Looking at all the above types that the data can have, the first question that comes to mind when deciding on the right tool for the job is: “How is the data look like?”. If your data has a very strict schema, and it doesn’t deviate from that schema, then it’s just well structured data. Then, maybe you should just be using an RDBMS like MySQL. However, as you start to try to analyze data with less structure or with extremely high volume, systems like MySQL become less useful, and it may become necessary to move out of the relational world.

Solution (Proposition)

Incompatibly structured, semi-structured, unstructured text data and fully unstructured are all terms for data that doesn’t fit well or it doesn’t at all into the relational model / RDBMS. What do we do with this data? Here’s where Hive shines. it’s a data warehouse software project built on top of Apache Hadoop for providing data summarization, query and analysis. Hive gives a SQL-like interface to query data stored in various databases and file systems that integrate with Hadoop.

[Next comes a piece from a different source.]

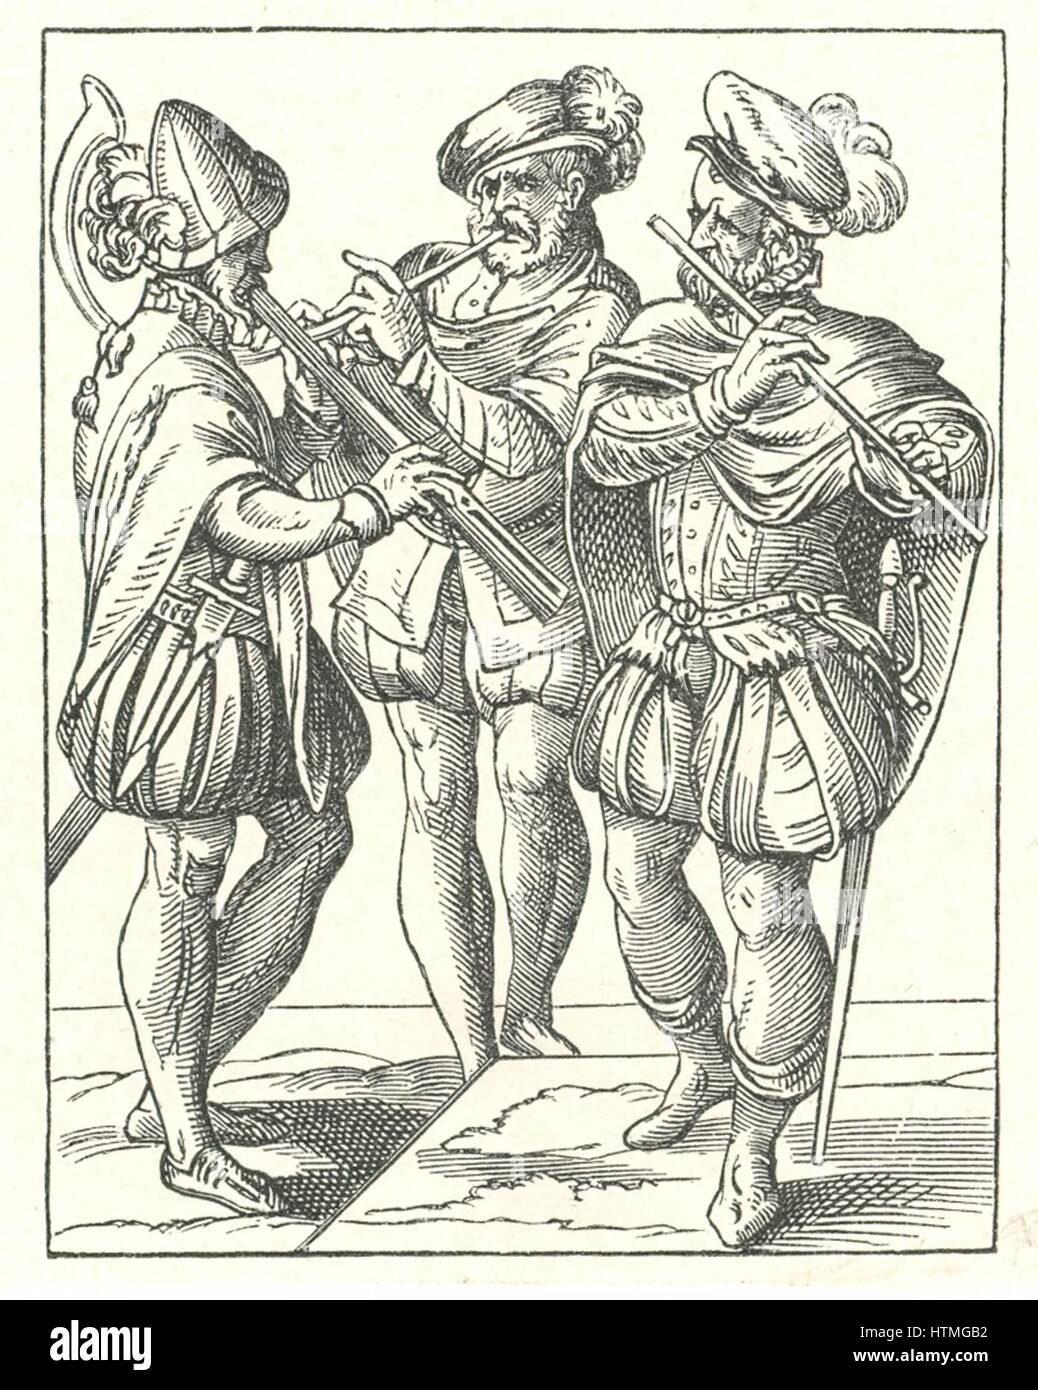 German musicians playing various wind instruments such as flute and horn. Woodcut by Jost Amman (1535-1591). Stock Photo

It’s extremely effective for dealing with data that doesn’t quite fit into the RDBMS bucket, because it can process complex, nested types natively. Hive avoids the need for complicated transformations that might be otherwise necessary to handle this sort of data in a traditional relational system. Hive can also gracefully handle records that don’t strictly conform to a table’s schema. For example, if some columns are missing from a particular record, Hive can deal with the record by treating missing columns as NULLs.

Prerequisites

  • Hadoop HDFS / HBase
  • Hive
  • Datasets (tweet data)

Solution Architecture (Data Pipeline)

Before moving forward and deploy the data pipeline using big data tools including Hive, It is mandatory to know its architecture:

Data Pipeline Architecture using Hive

Data Source

For this project, we are going to summarize, query and analyze twitter data. And as we already talked on how to stream twitter data into Hadoop HDFS, then that last is our data source.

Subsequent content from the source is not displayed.